(Information supplied)

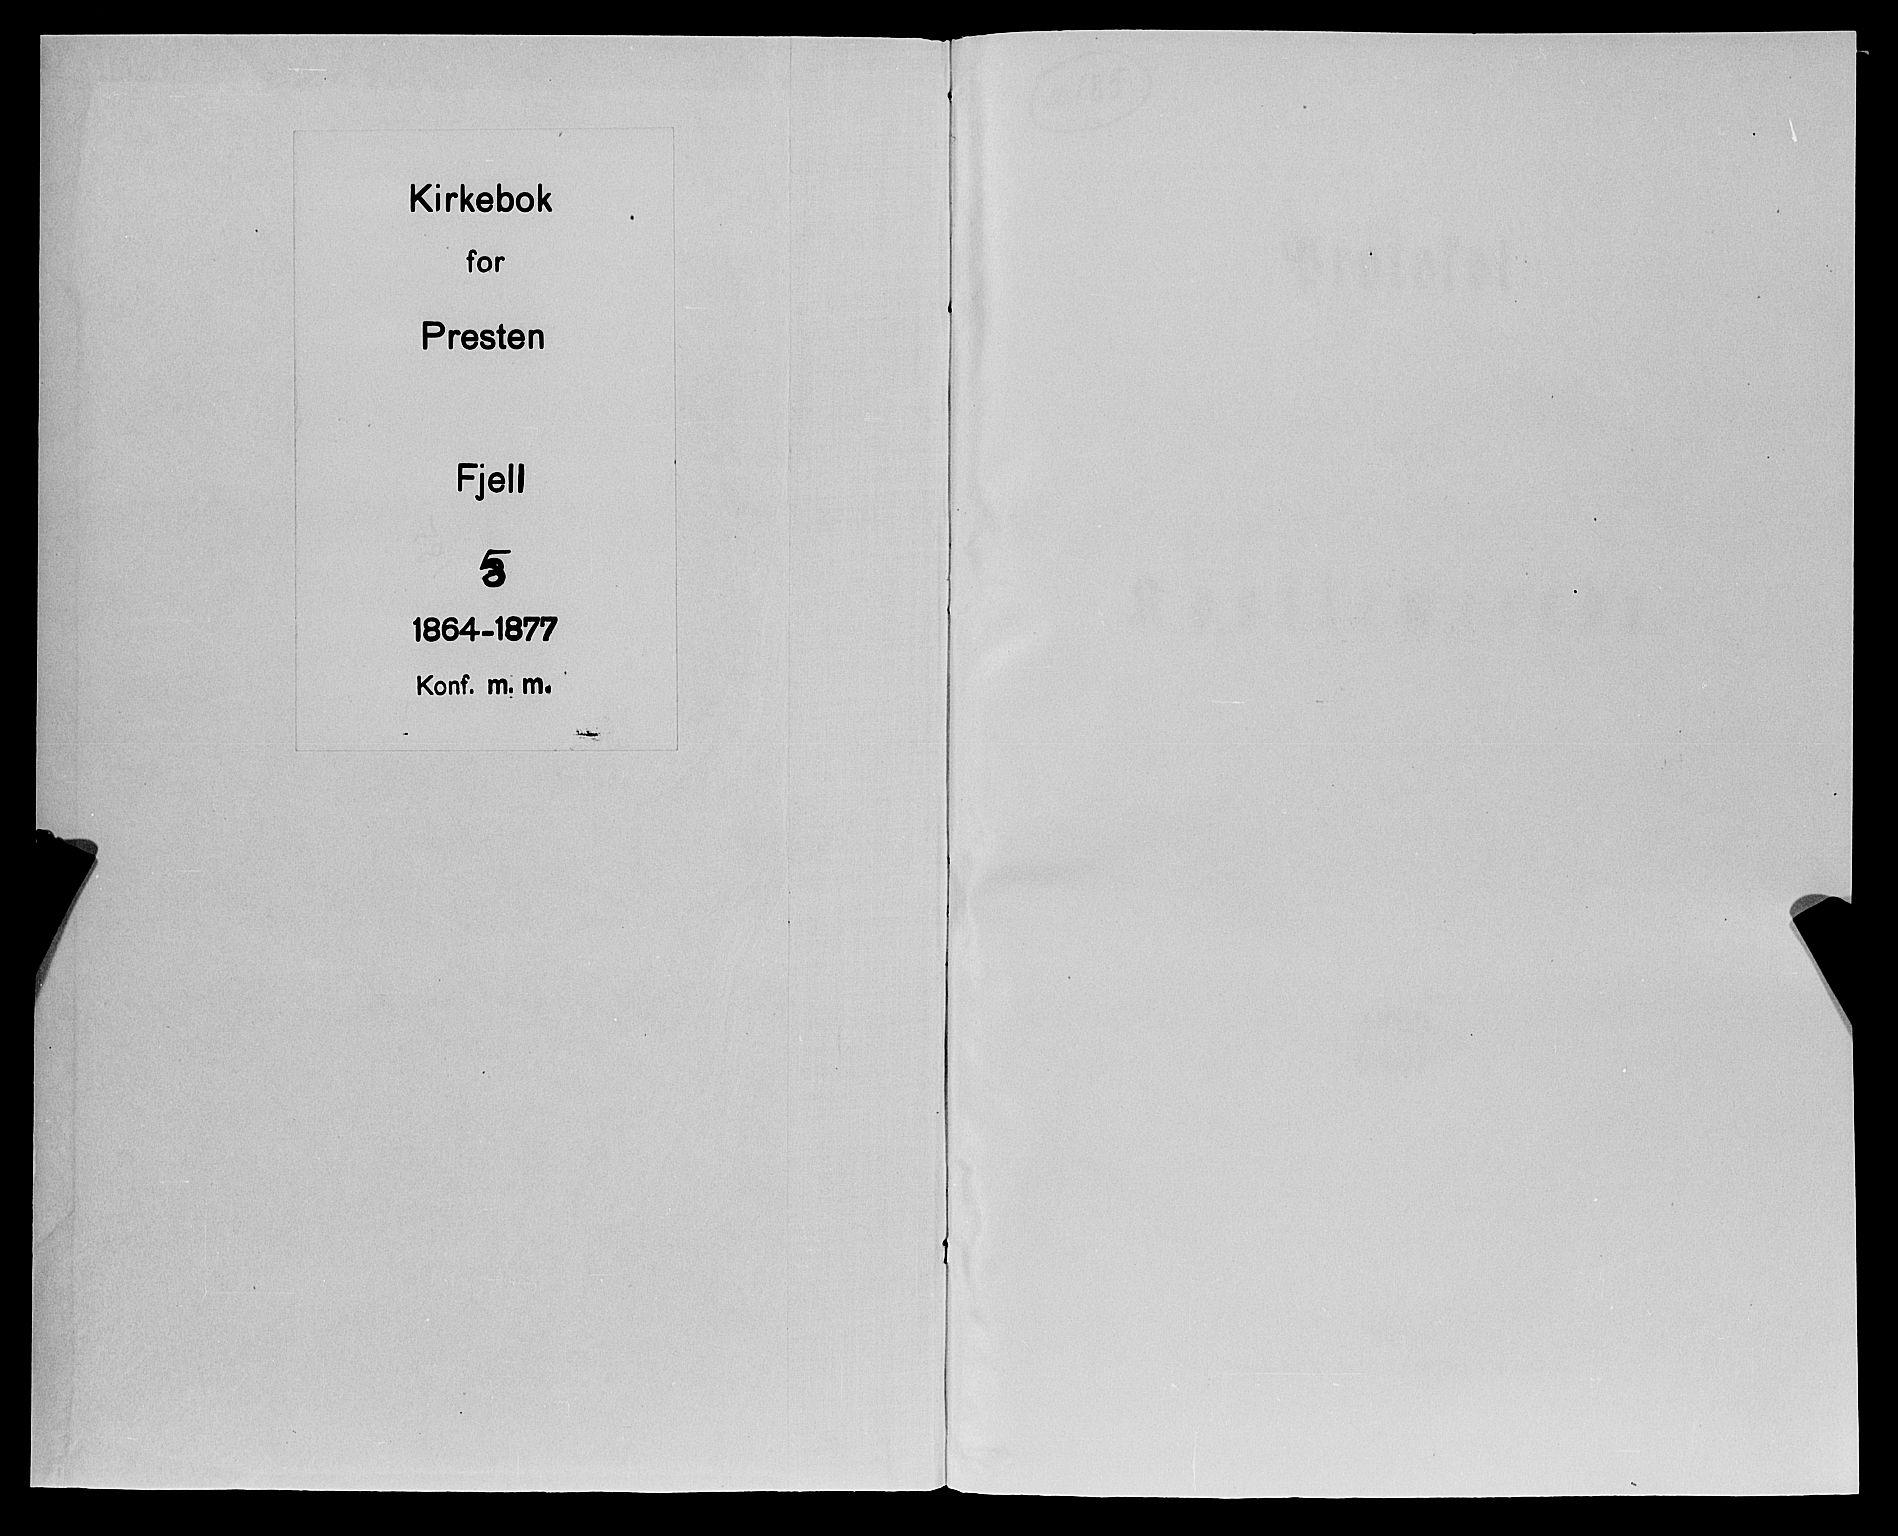 SAB, Fjell sokneprestembete, H/Haa: Ministerialbok nr. A 5, 1864-1877
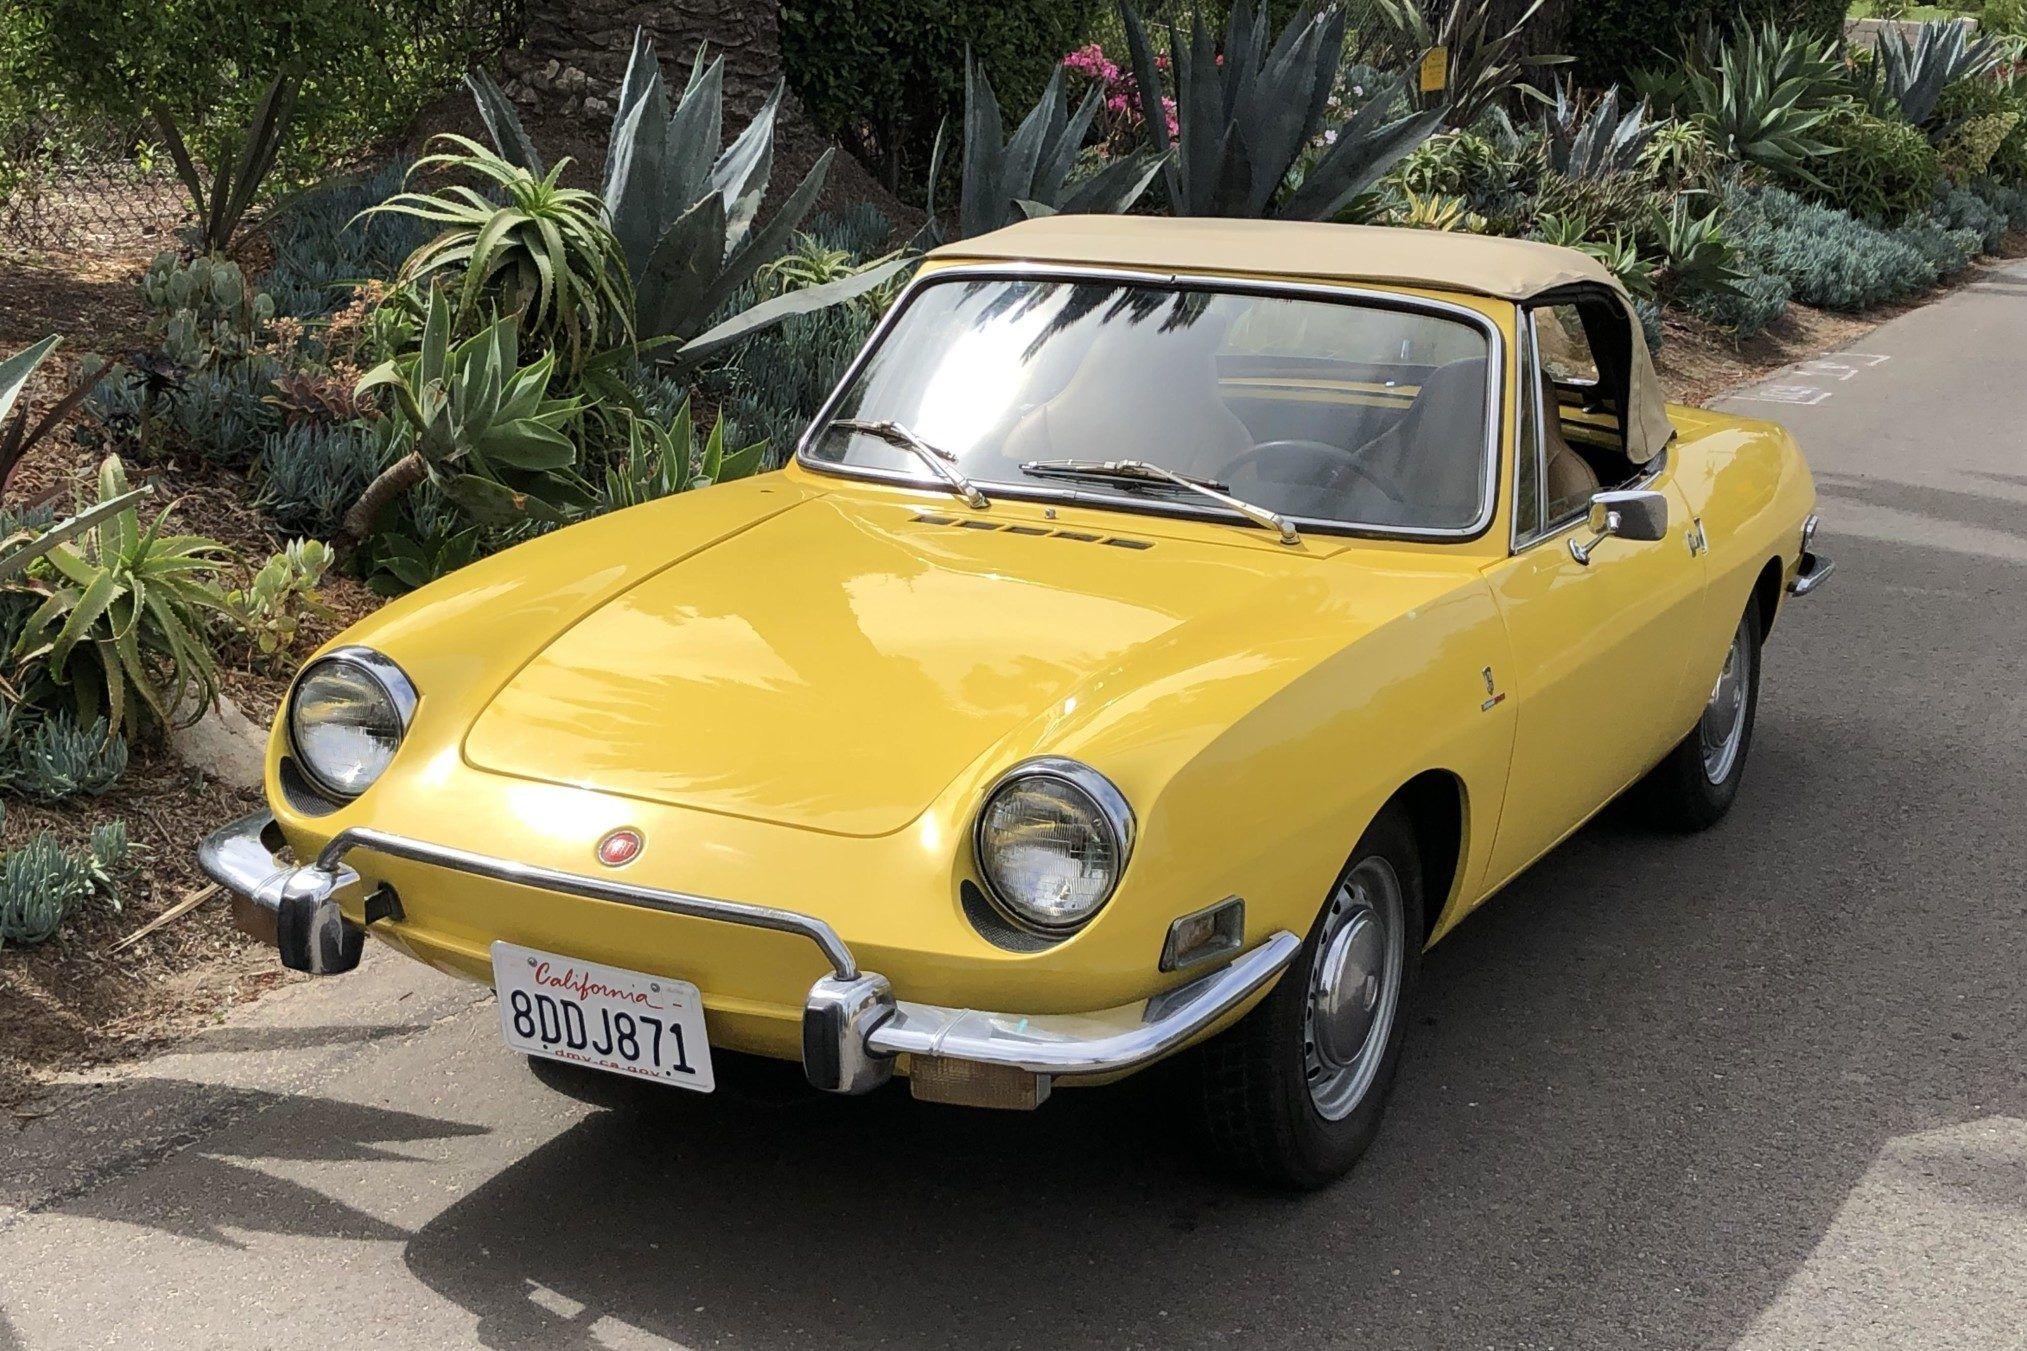 1973 Fiat 850 Sport Spider Fiat 850 Fiat Classic Cars
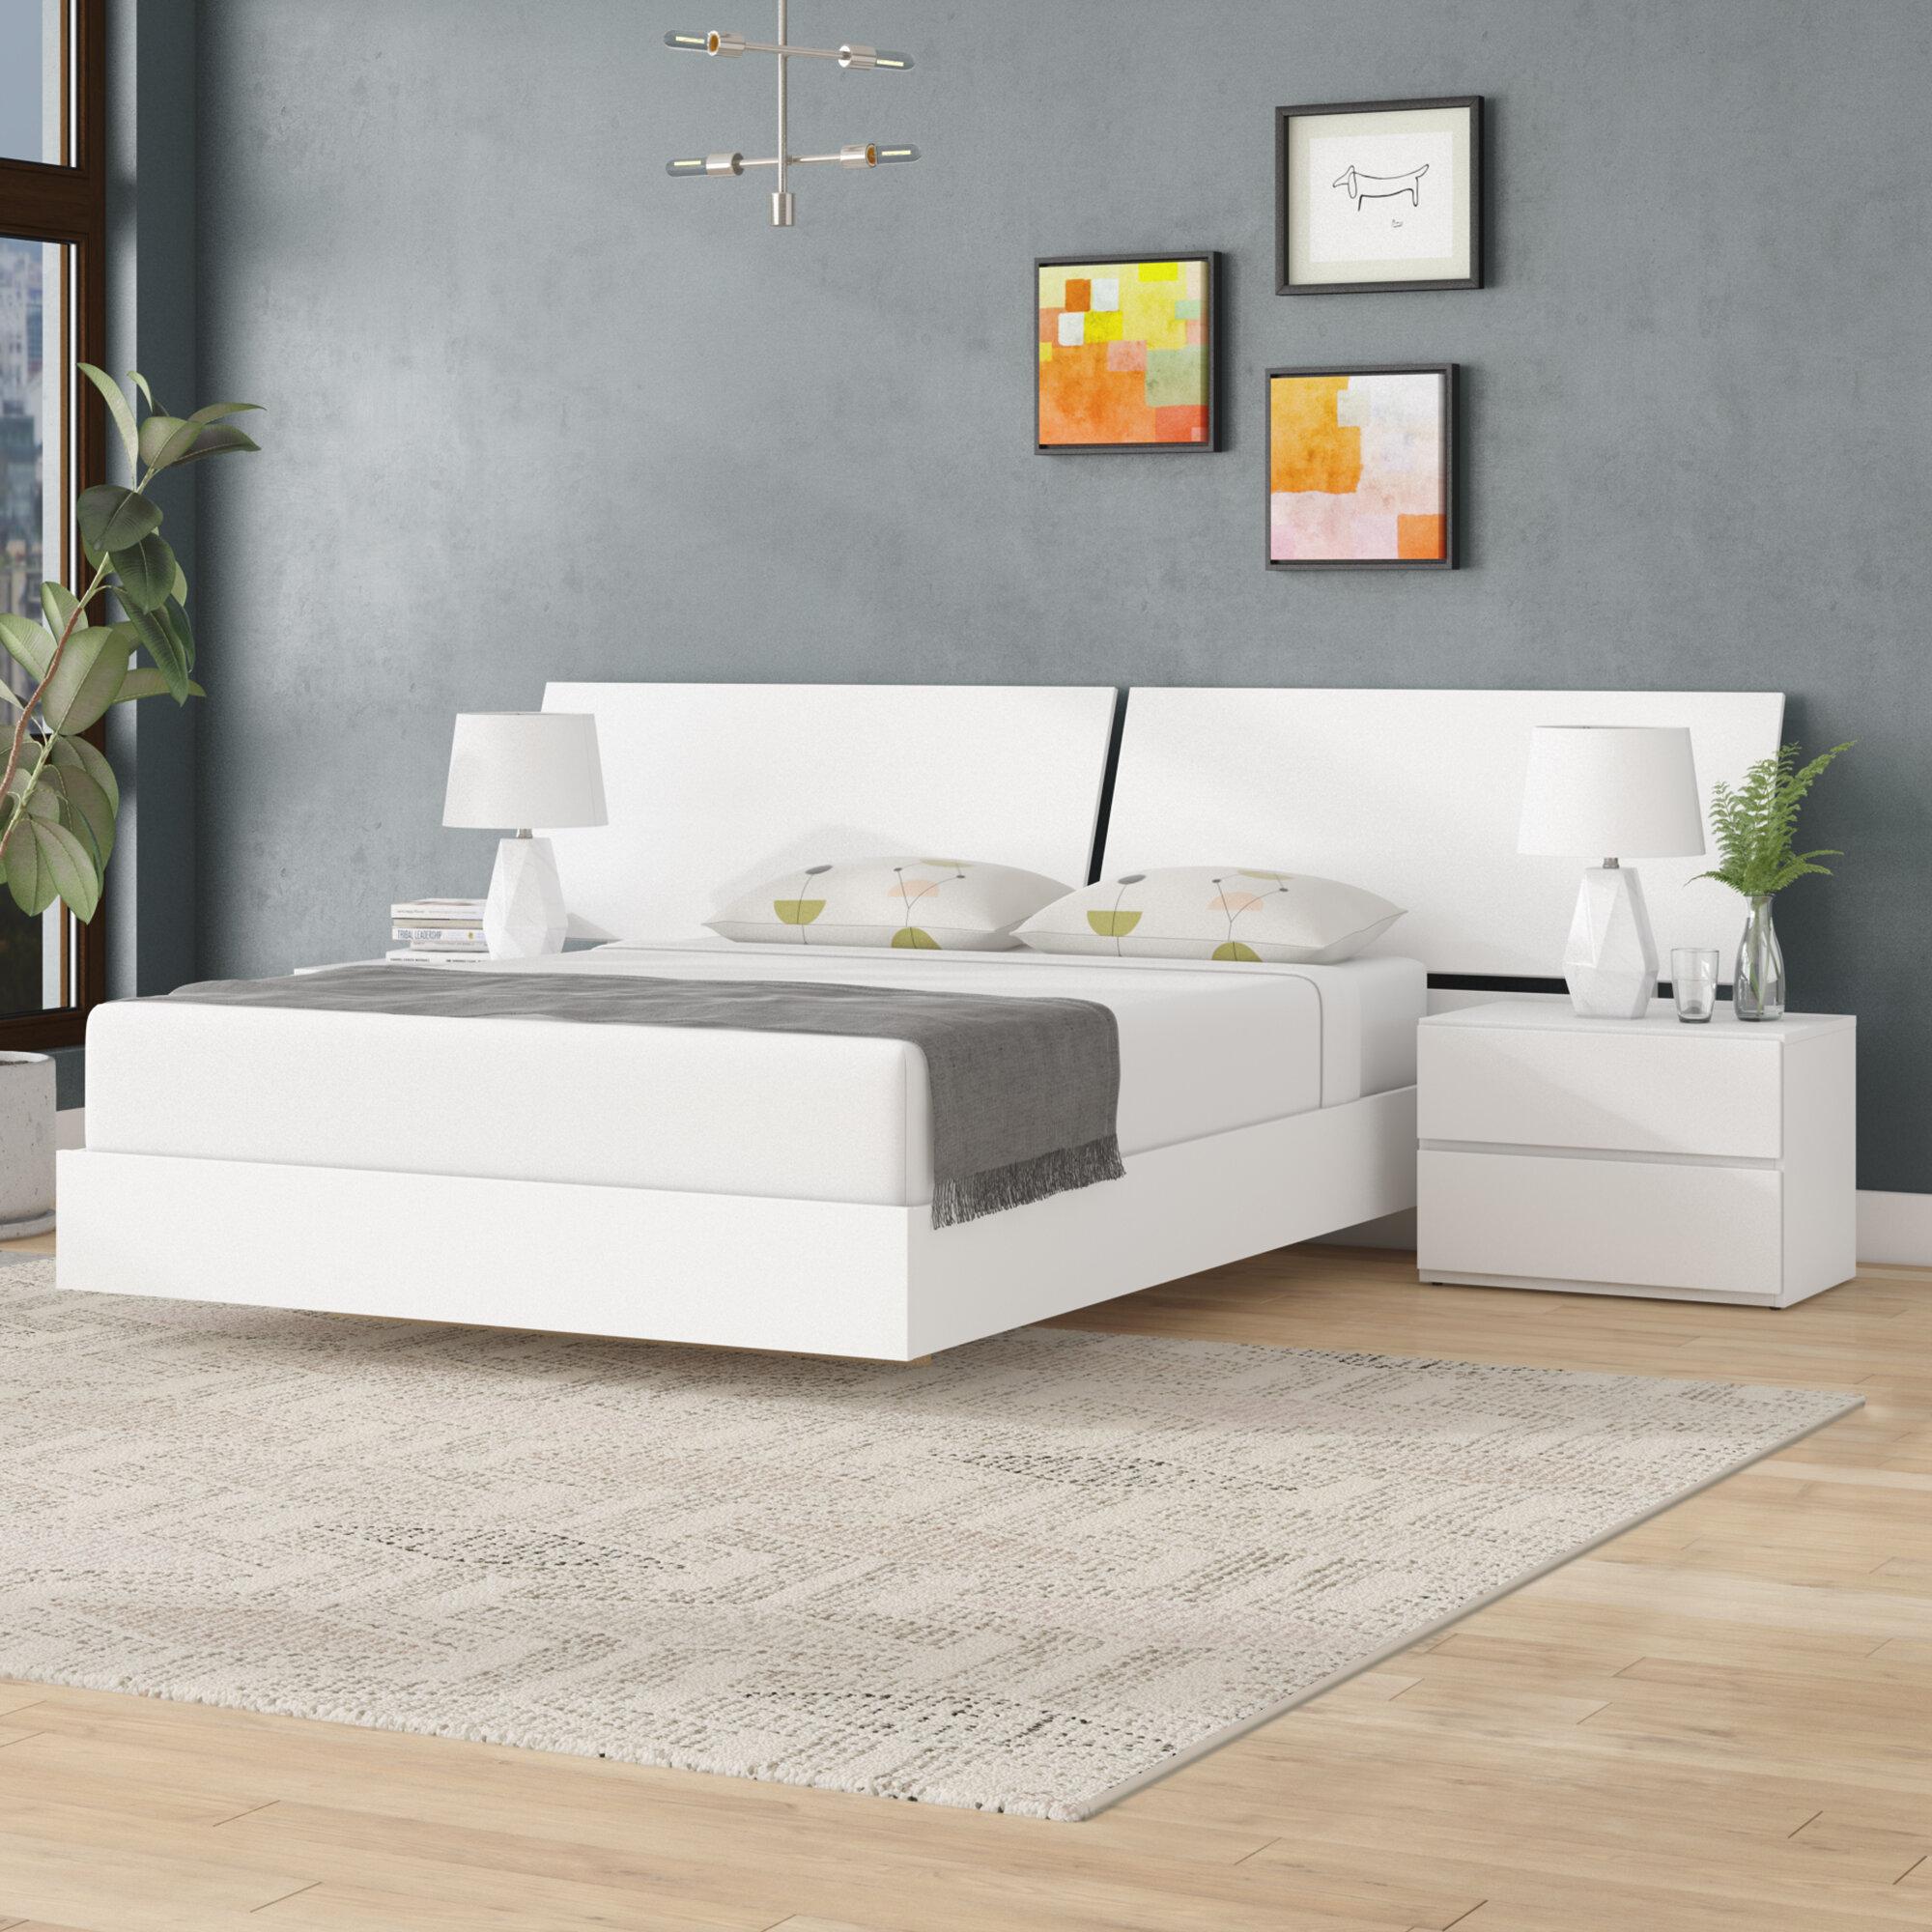 Wrought Studio Gabriella Platform 4 Piece Bedroom Set Reviews Wayfair Ca

(End Information supplied)

• **Your instructions**:
Retype the material above exactly, images excluded.

• **Expected answer**:
 SAB, Fjell sokneprestembete, H/Haa: Ministerialbok nr. A 5, 1864-1877
 1973 Fiat 850 Sport Spider Fiat 850 Fiat Classic Cars
 Wrought Studio Gabriella Platform 4 Piece Bedroom Set Reviews Wayfair Ca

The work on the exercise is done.